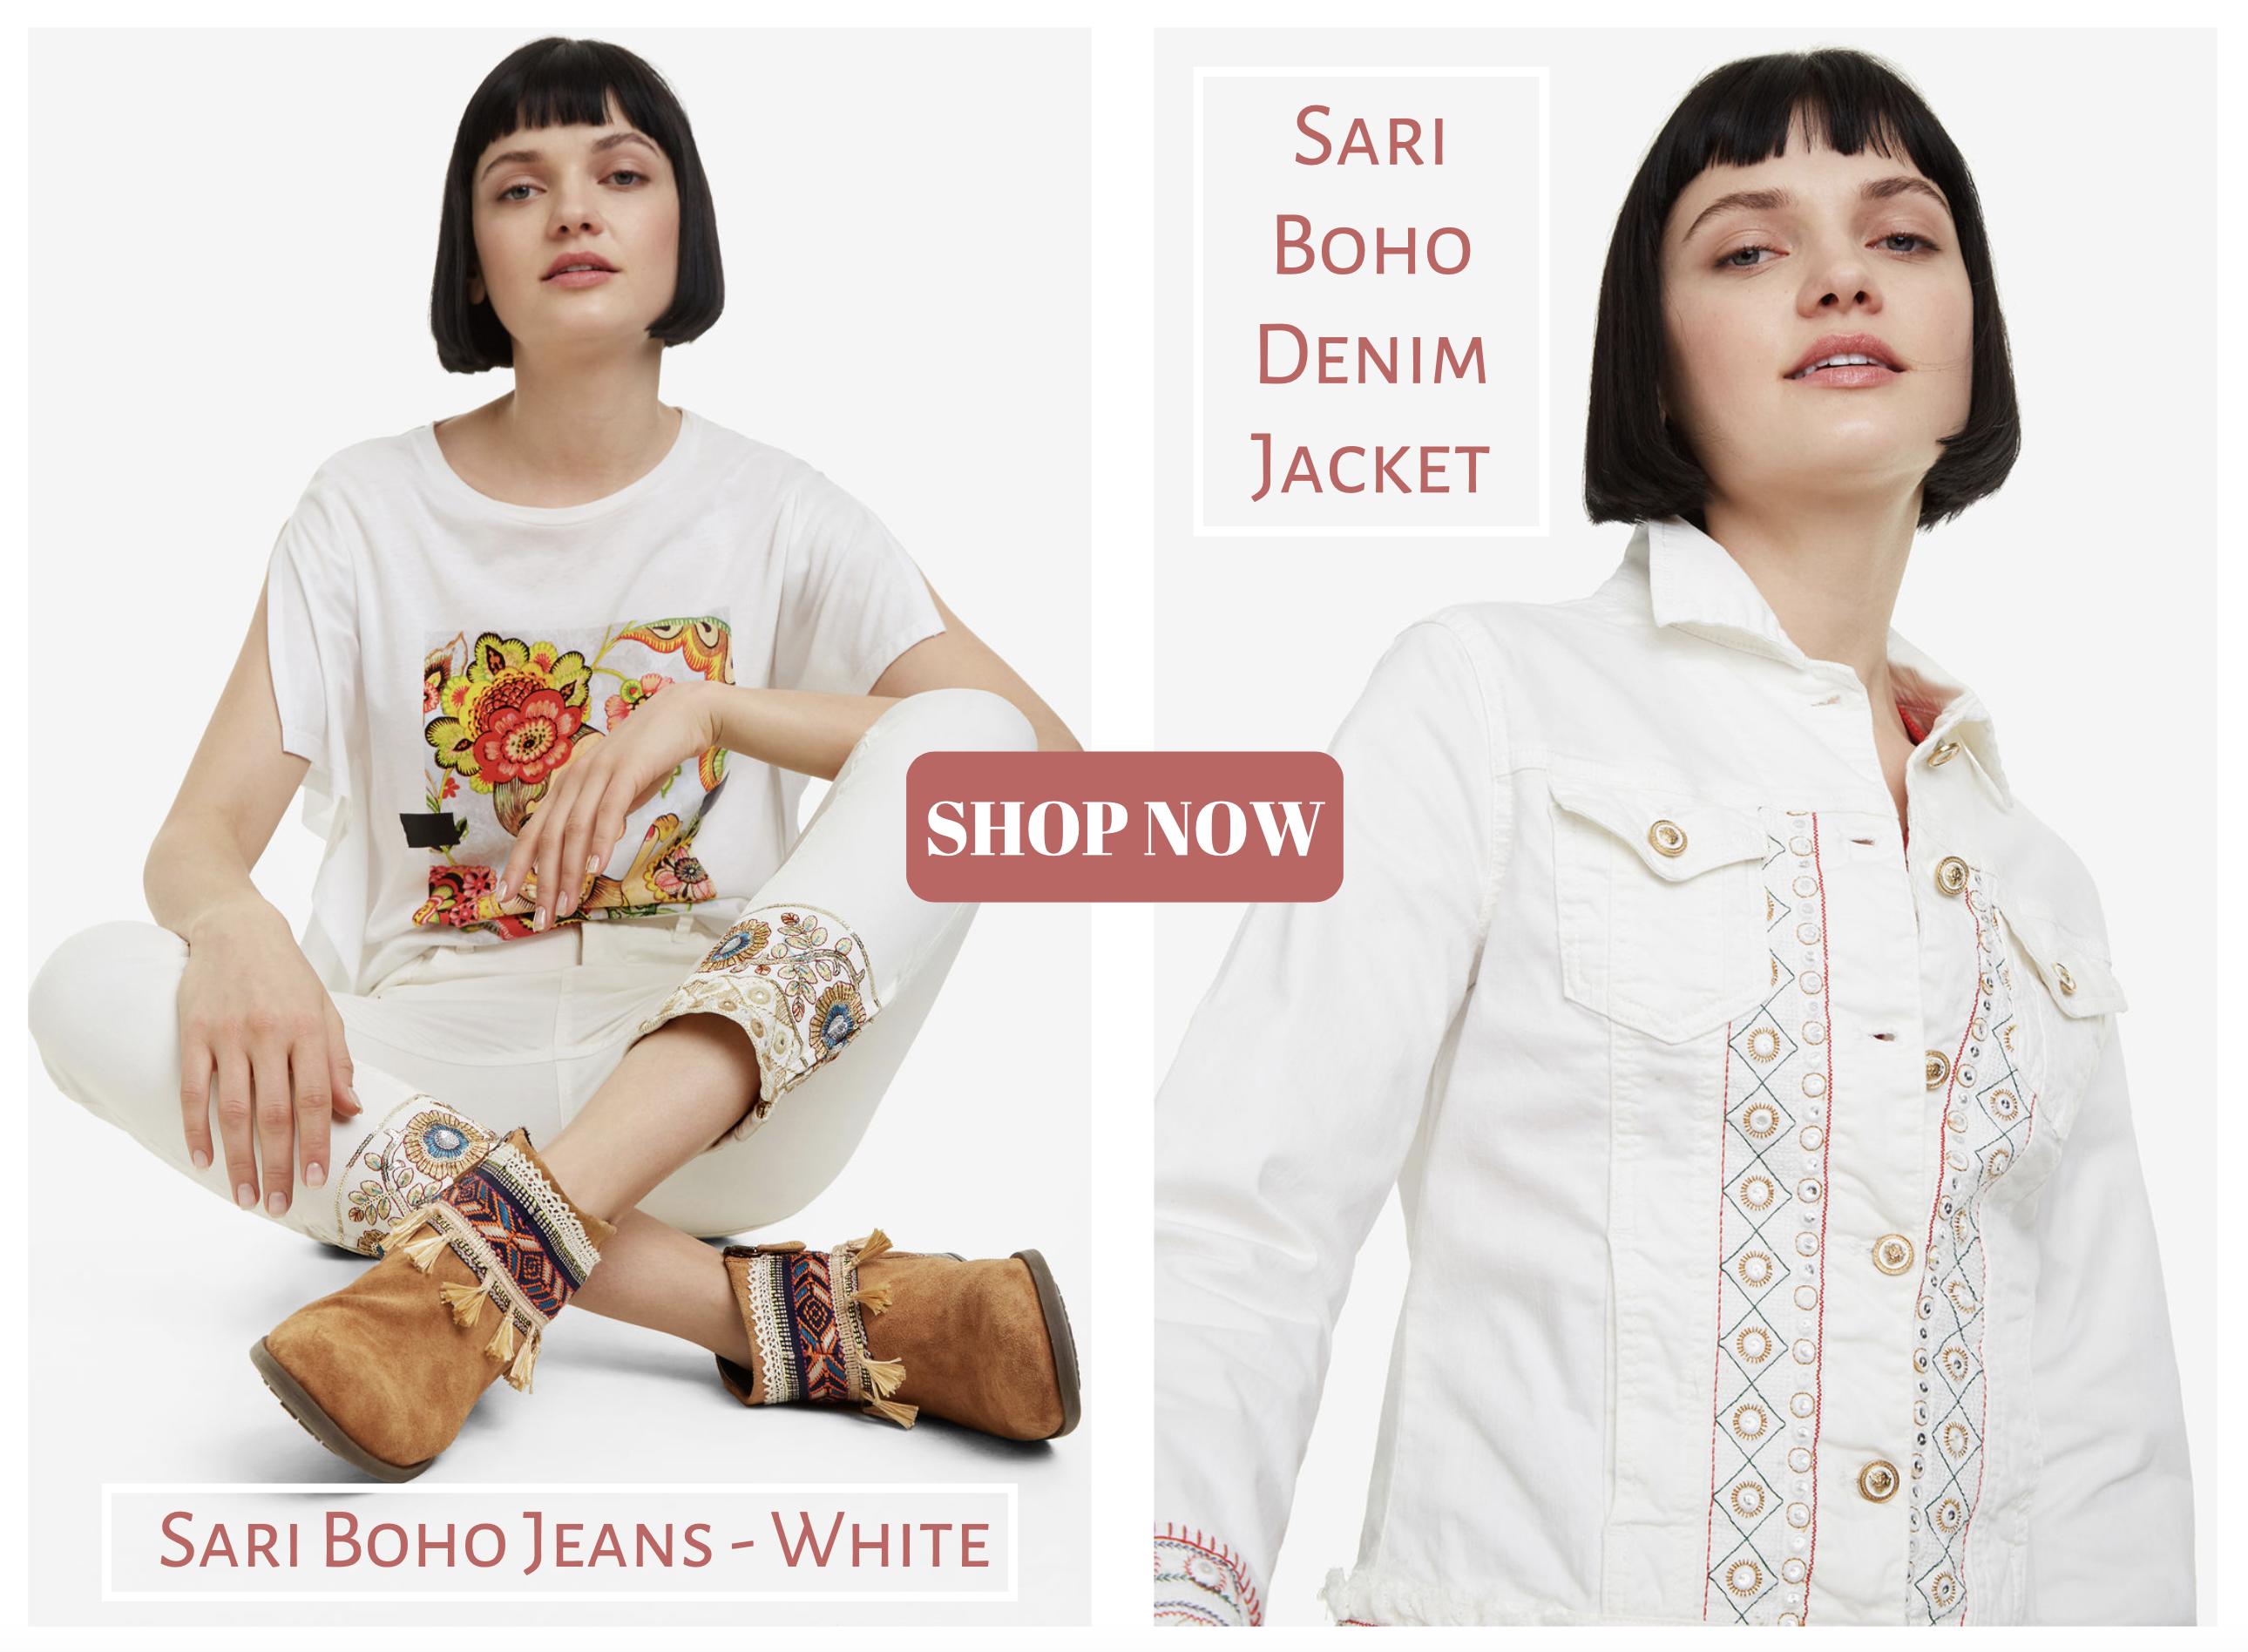 Desigual - Pizazz Boutique - Shop Desigual Online
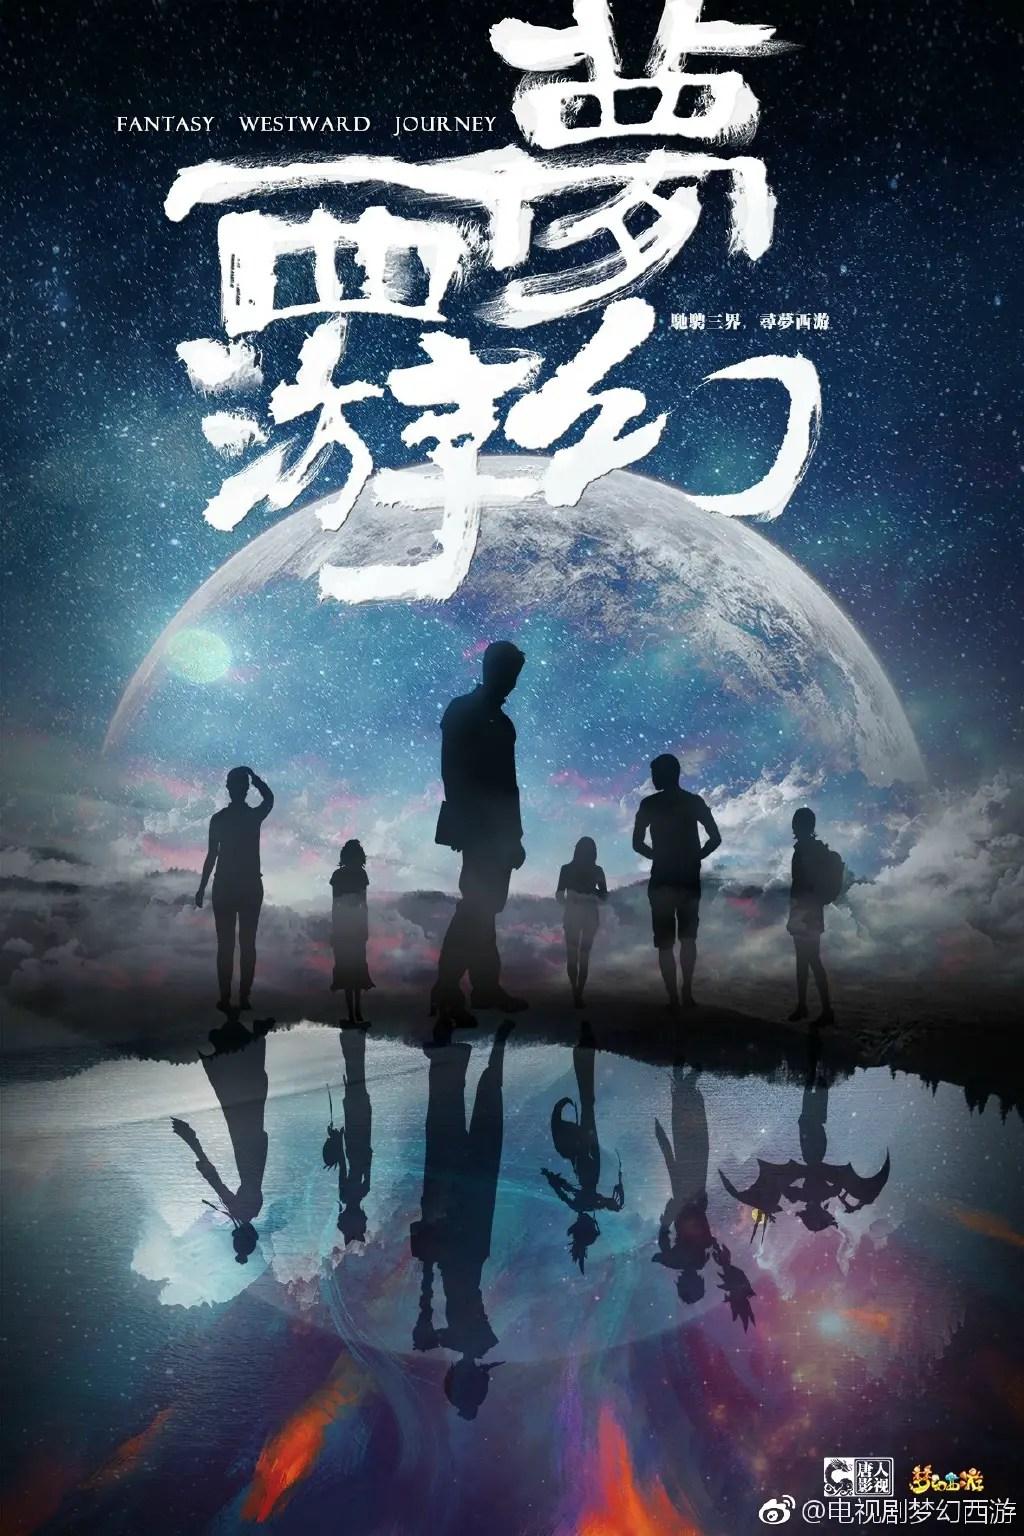 Fantasy Westward Journey Chinese Drama Poster
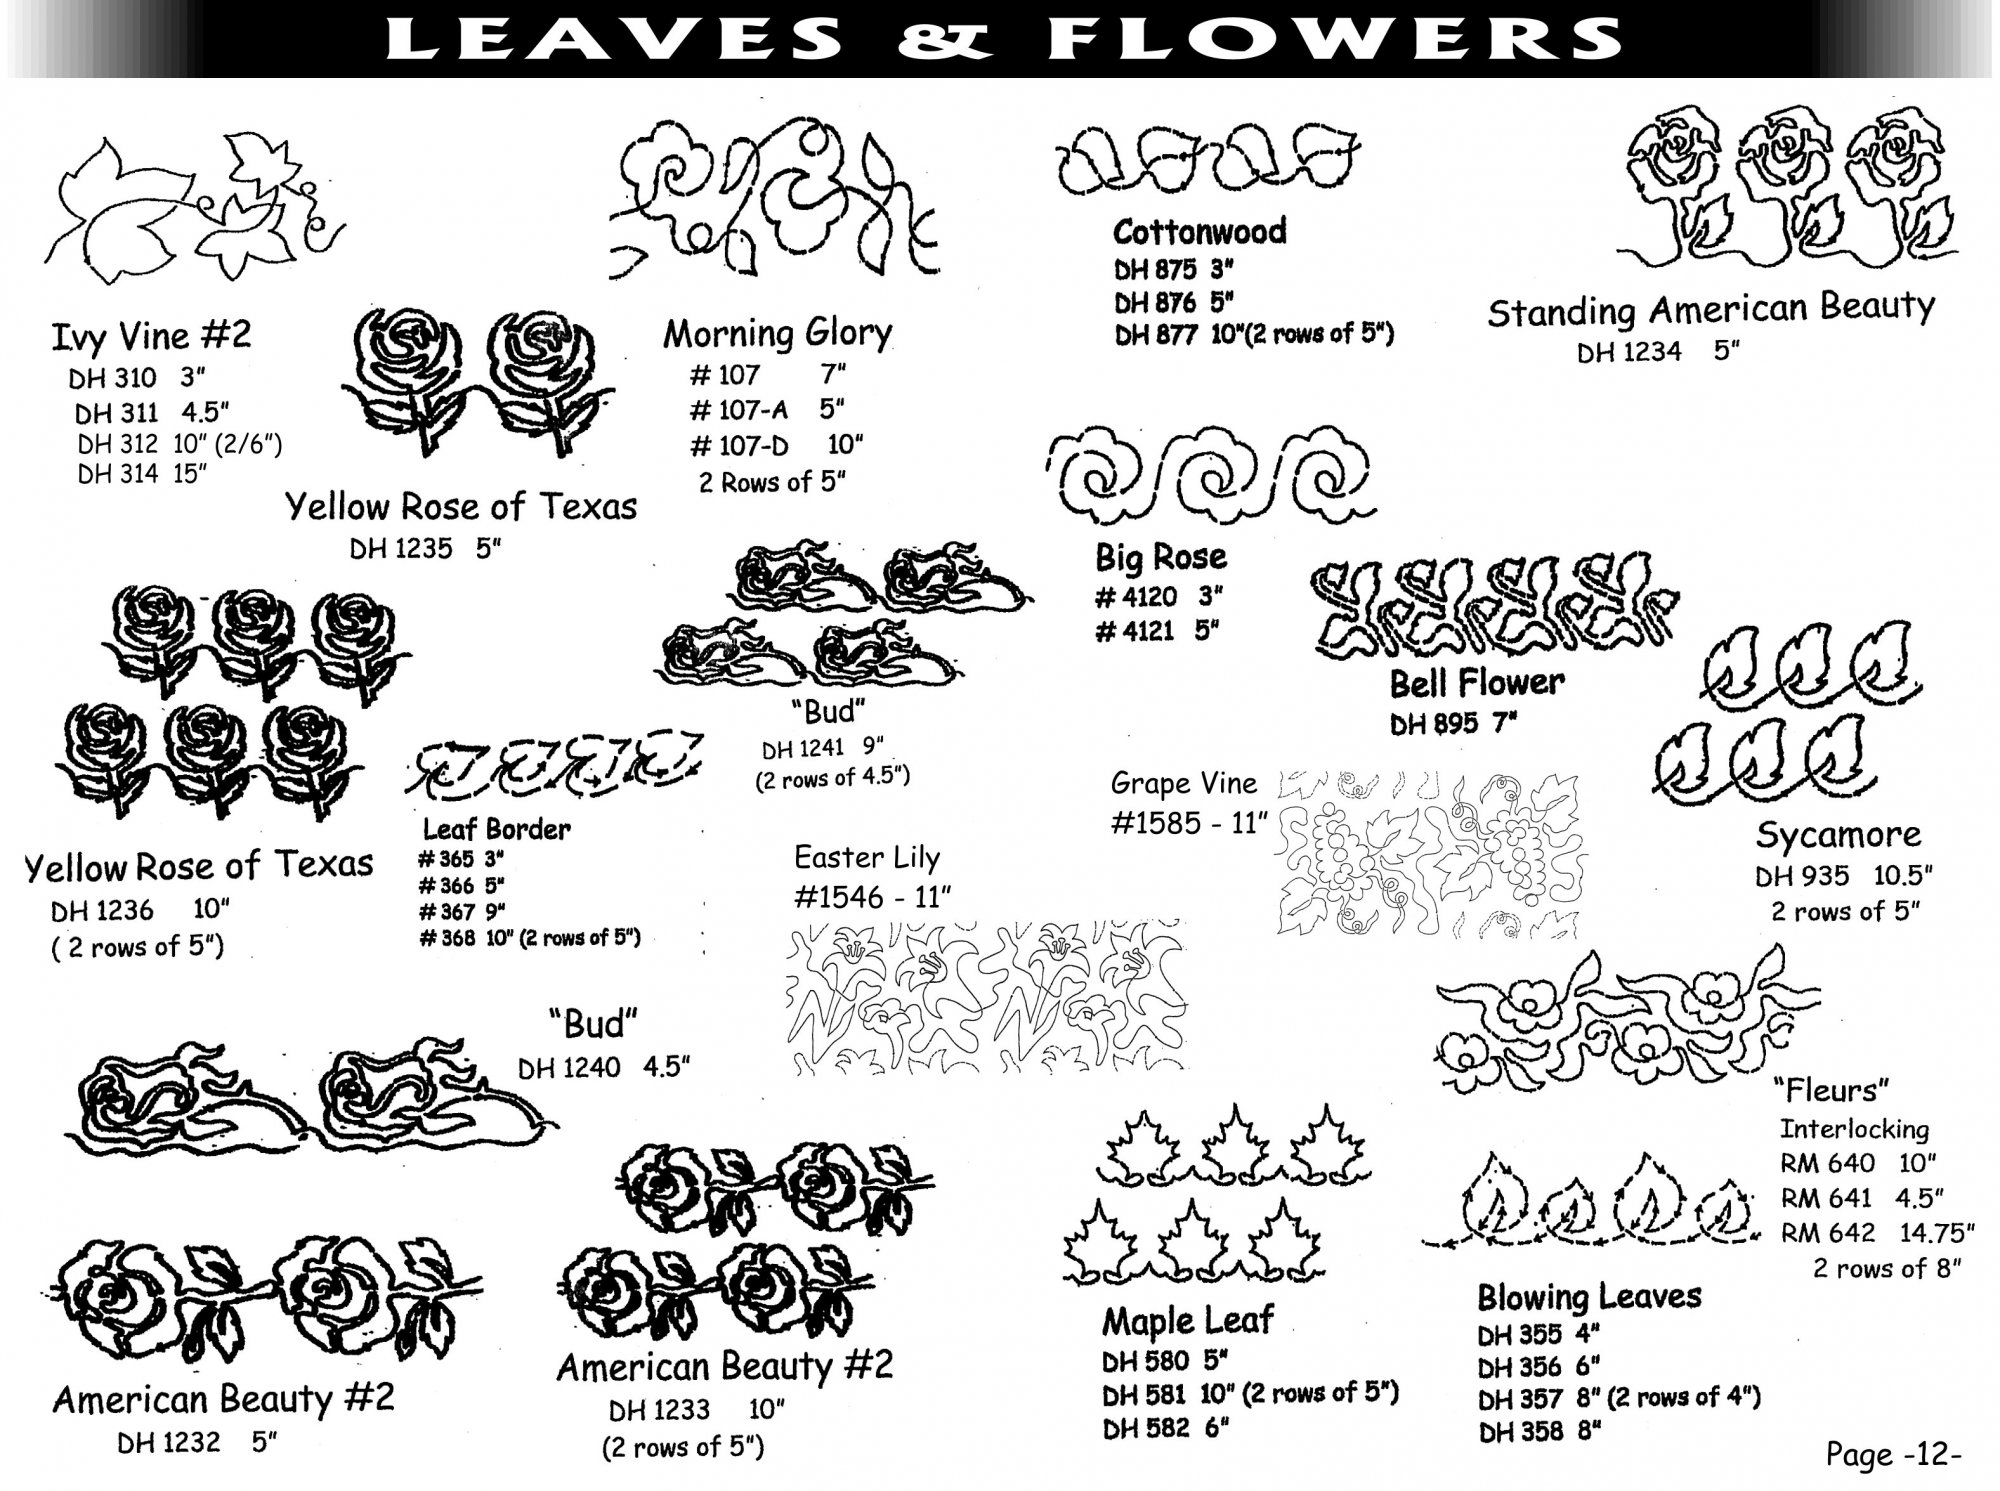 Pantographs-Leaves&Flowers-A- 6 1/2 -12
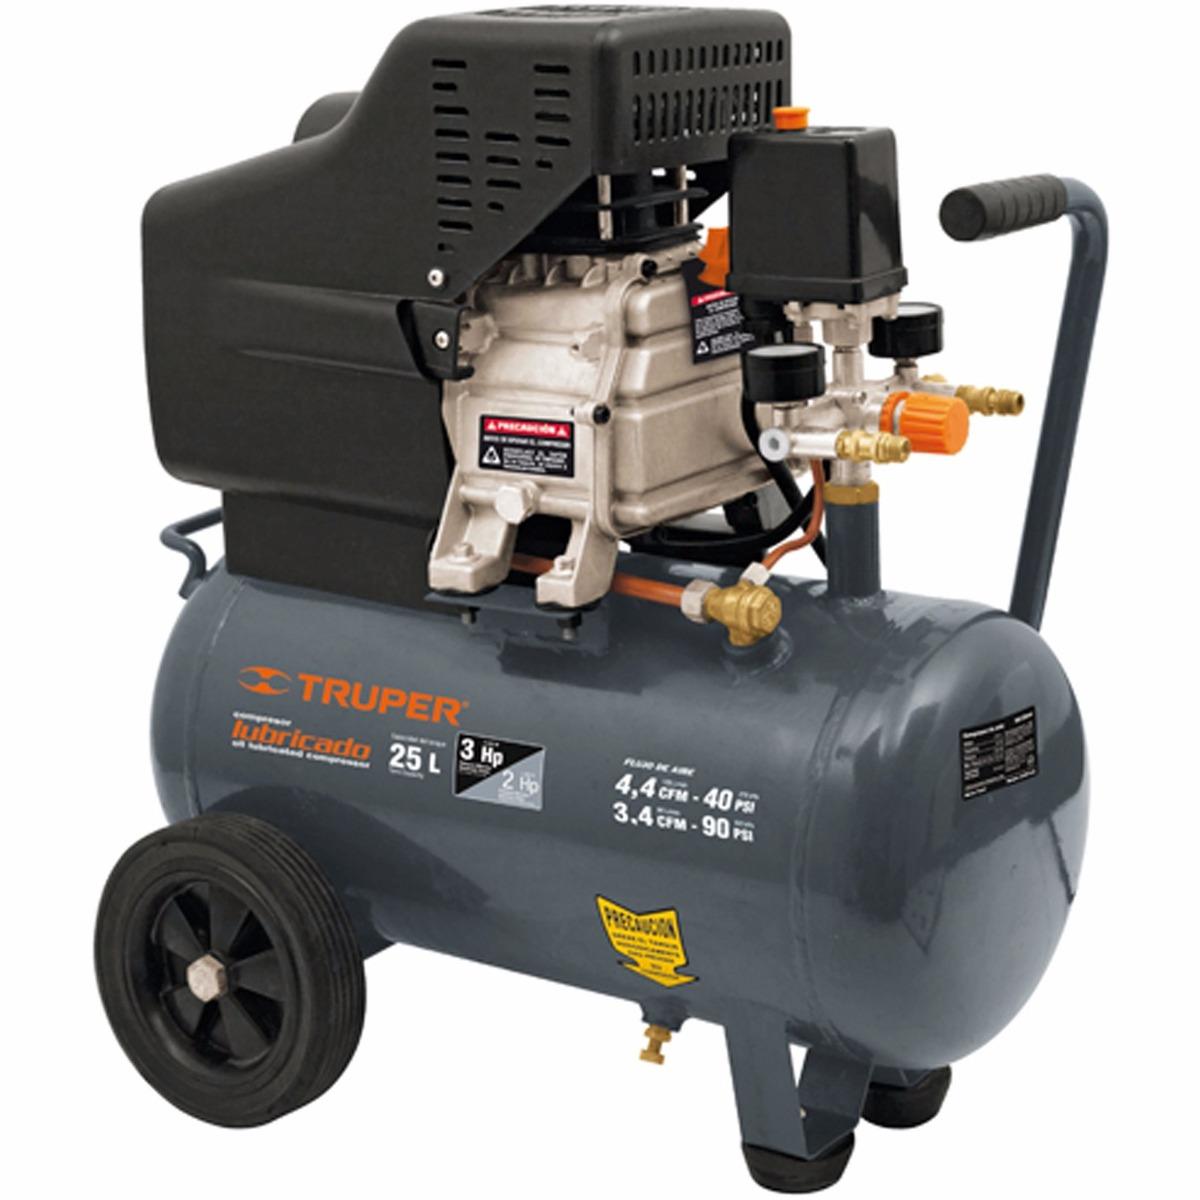 Compresor de aire lubricado 25 litros truper 19010 - Precio de compresores de aire ...
━━━━━━━━━━━━━━━━━━━━━━━━━━━━━━
What the task requires ▸
With pictures left out, extract the lines from the one containing "Pantographs-Leaves&Flowers-A- 6 1/2 -12" to the end of the material above, both included, exactly as written.

Your solution ▸
 Pantographs-Leaves&Flowers-A- 6 1/2 -12
 Compresor de aire lubricado 25 litros truper 19010 - Precio de compresores de aire ...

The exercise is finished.